Curious, she hit the Keep Shopping button and entered the number from the napkin into the search box: 15955445-34. She felt her heart leap a bit as she read the result. An ink called Black Tar from a manufacturer she'd never heard of named Catfish Industries.

She clicked through to the description and discovered it was a special-order ink, shipped from a new company in China. An introductory special listed a bottle for $25, which was pretty spendy. Still,
Black Tar
. The street name for pretty much the best heroin you could find. How could she go wrong? She added a bottle and hit the checkout button.

26.

The UPS guy showed up at the shop just after she opened.

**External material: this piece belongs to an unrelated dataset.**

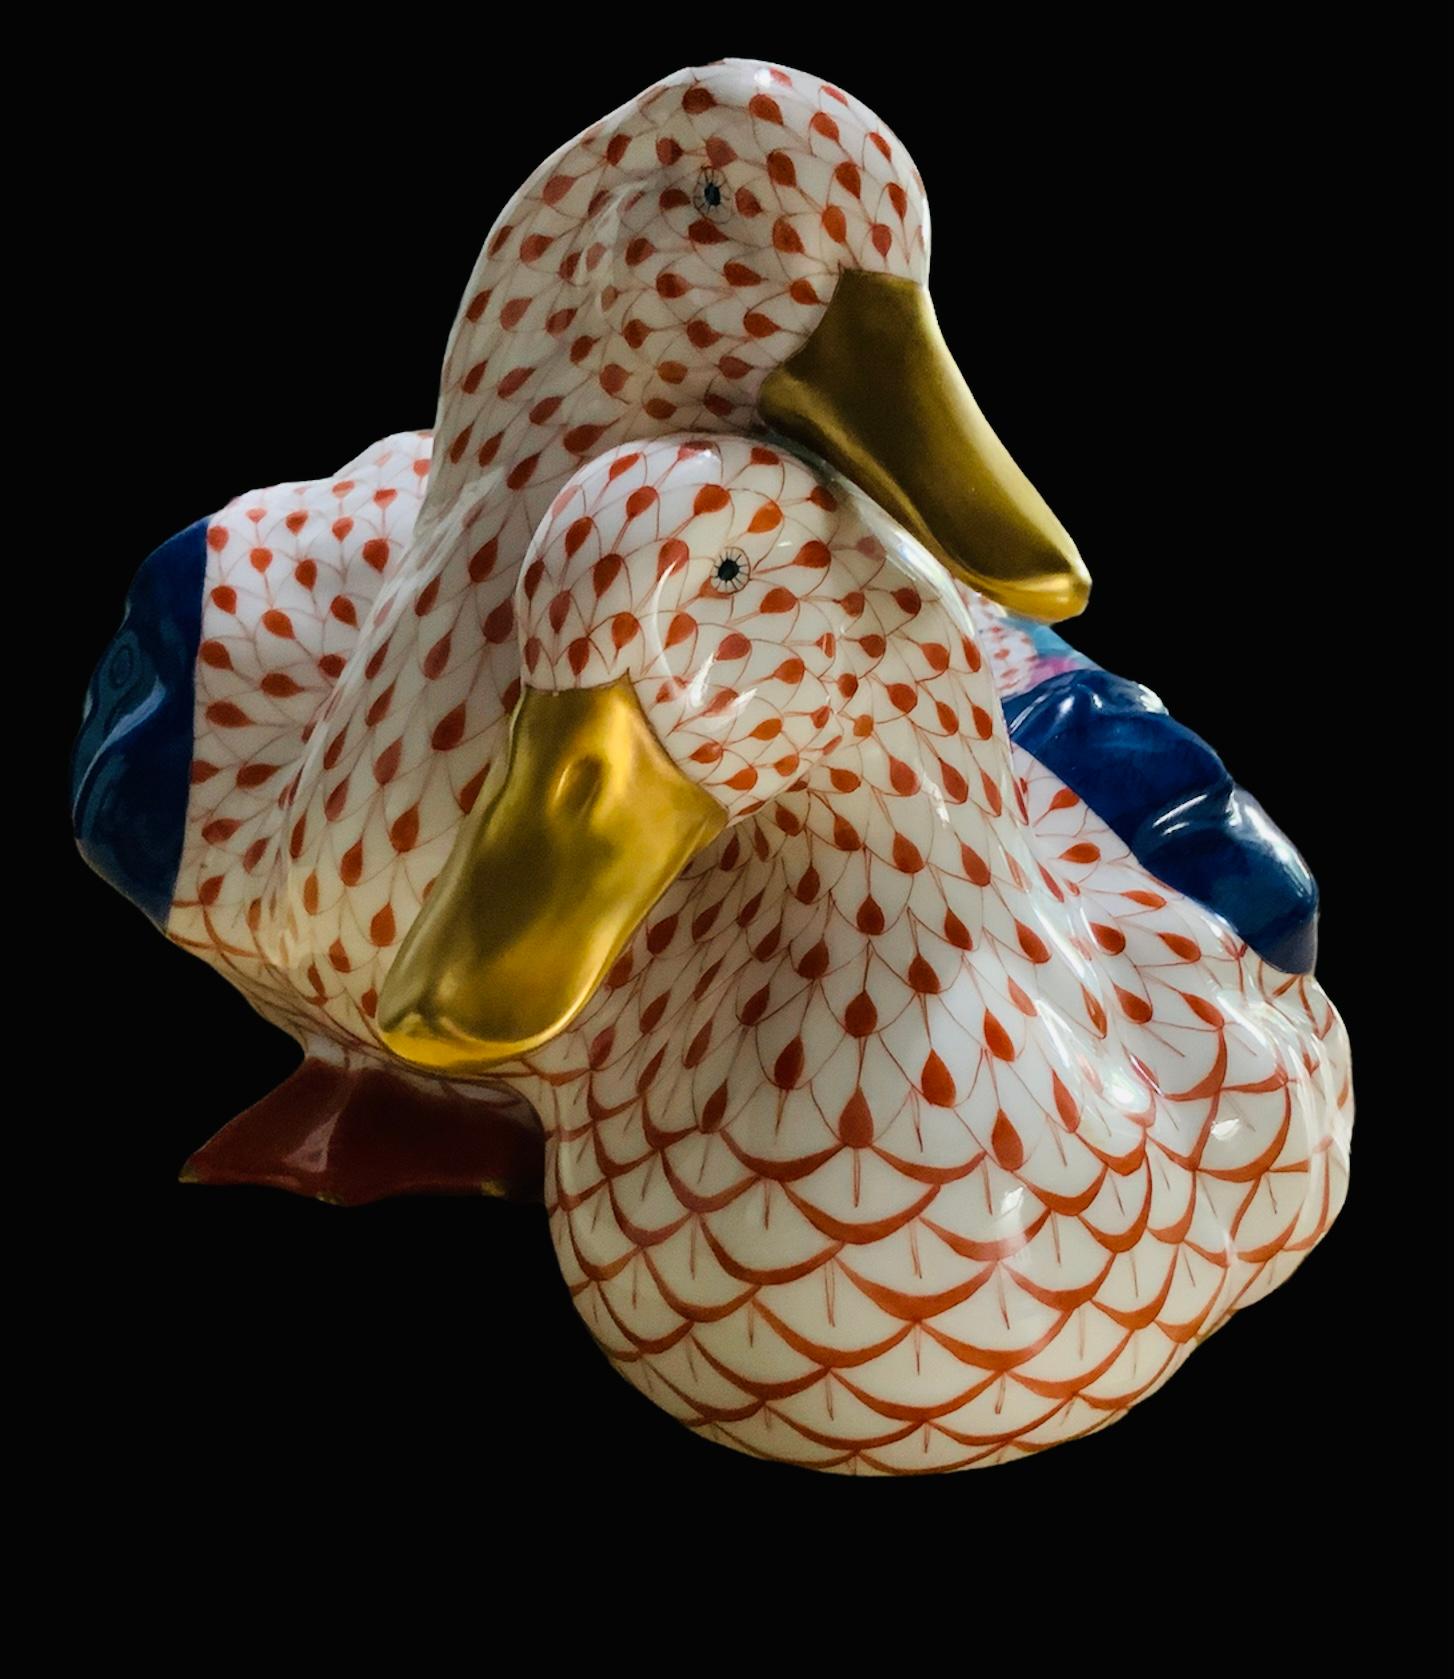 This is a pair of Herend porcelain hand painted medium size ducks. Their background is white with orange fish scale net pattern. Their wings are hand painted navy blue, pink, and turquoise color. Their tail feathers are orange, gold, turquoise, and
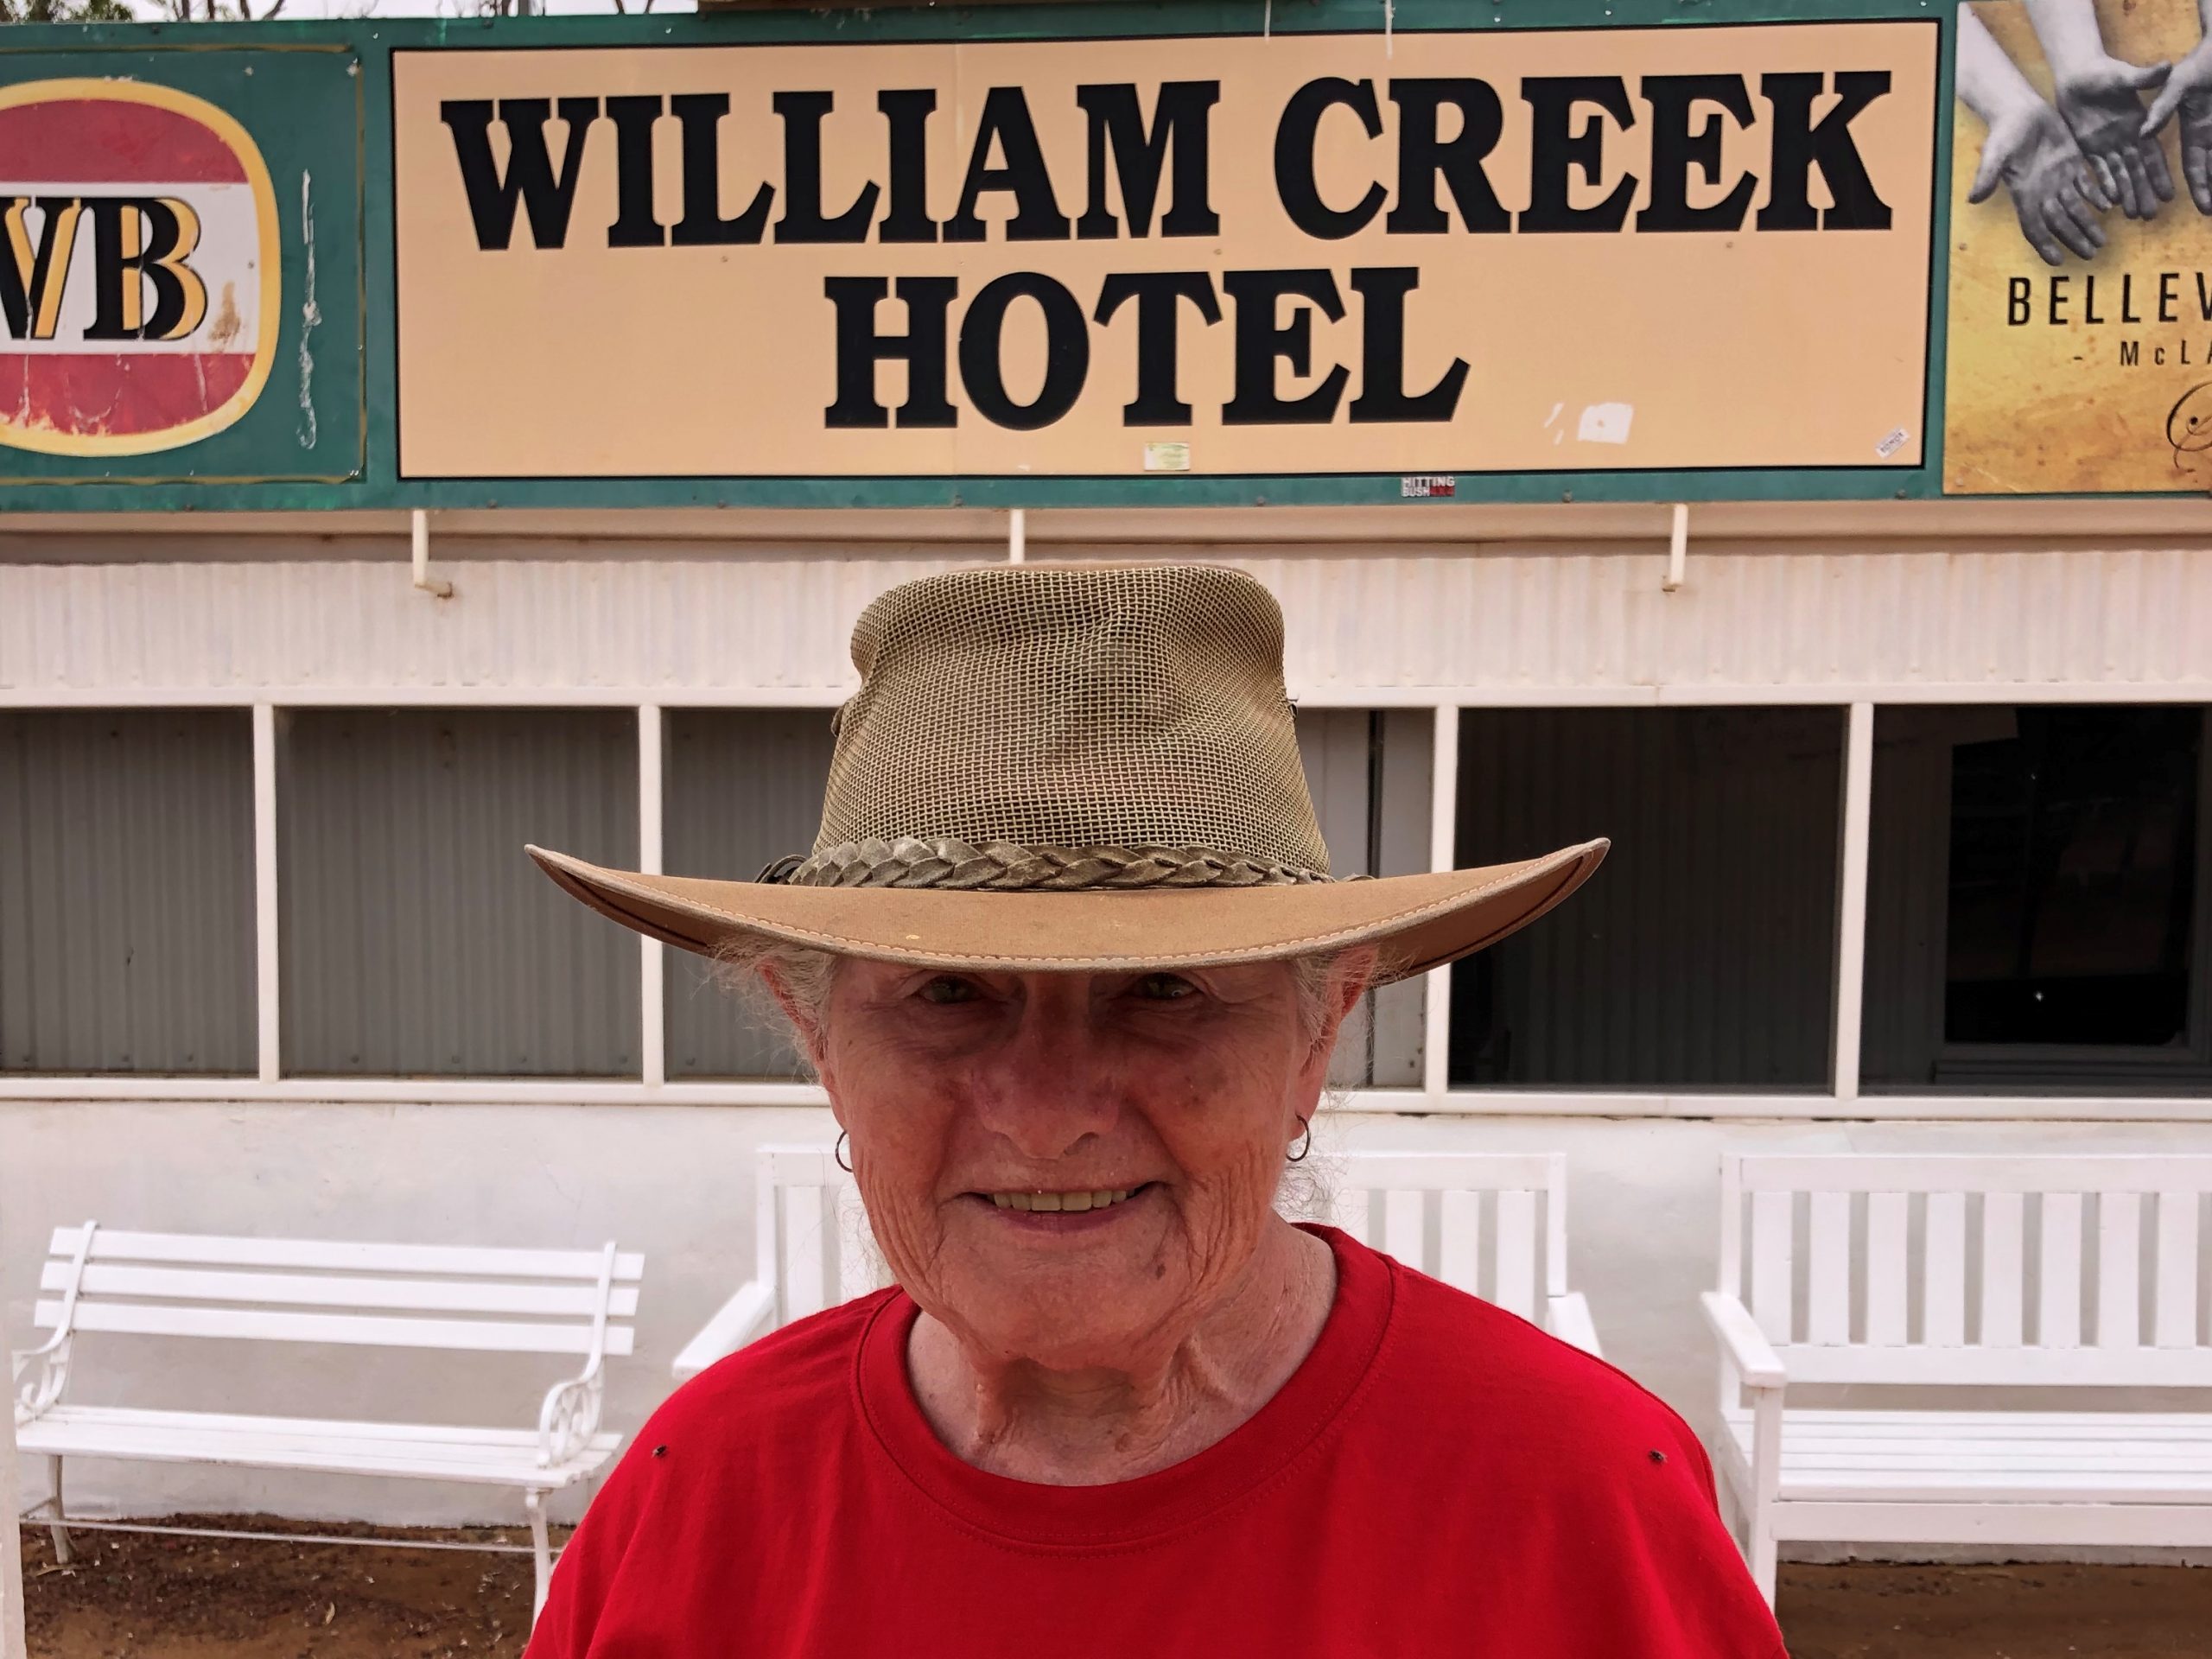 Bobbie Perkins on her recent Outback Links Volunteer placement at William Creek

“Hey, Joe,” she said. “What can brown do for me today?” It was a joke she always threw at him, and he always took it good-naturedly.

“Brown can deliver some other colors,” he said, motioning at the boxes he carried on the dolly. He left them in a pile by the front desk, then shoved the electronic signature display her way.

She signed her name and handed it back to him. “You should come in for some work,” she said. “I can do a UPS logo on your arm for you, get you a promotion for your dedication.”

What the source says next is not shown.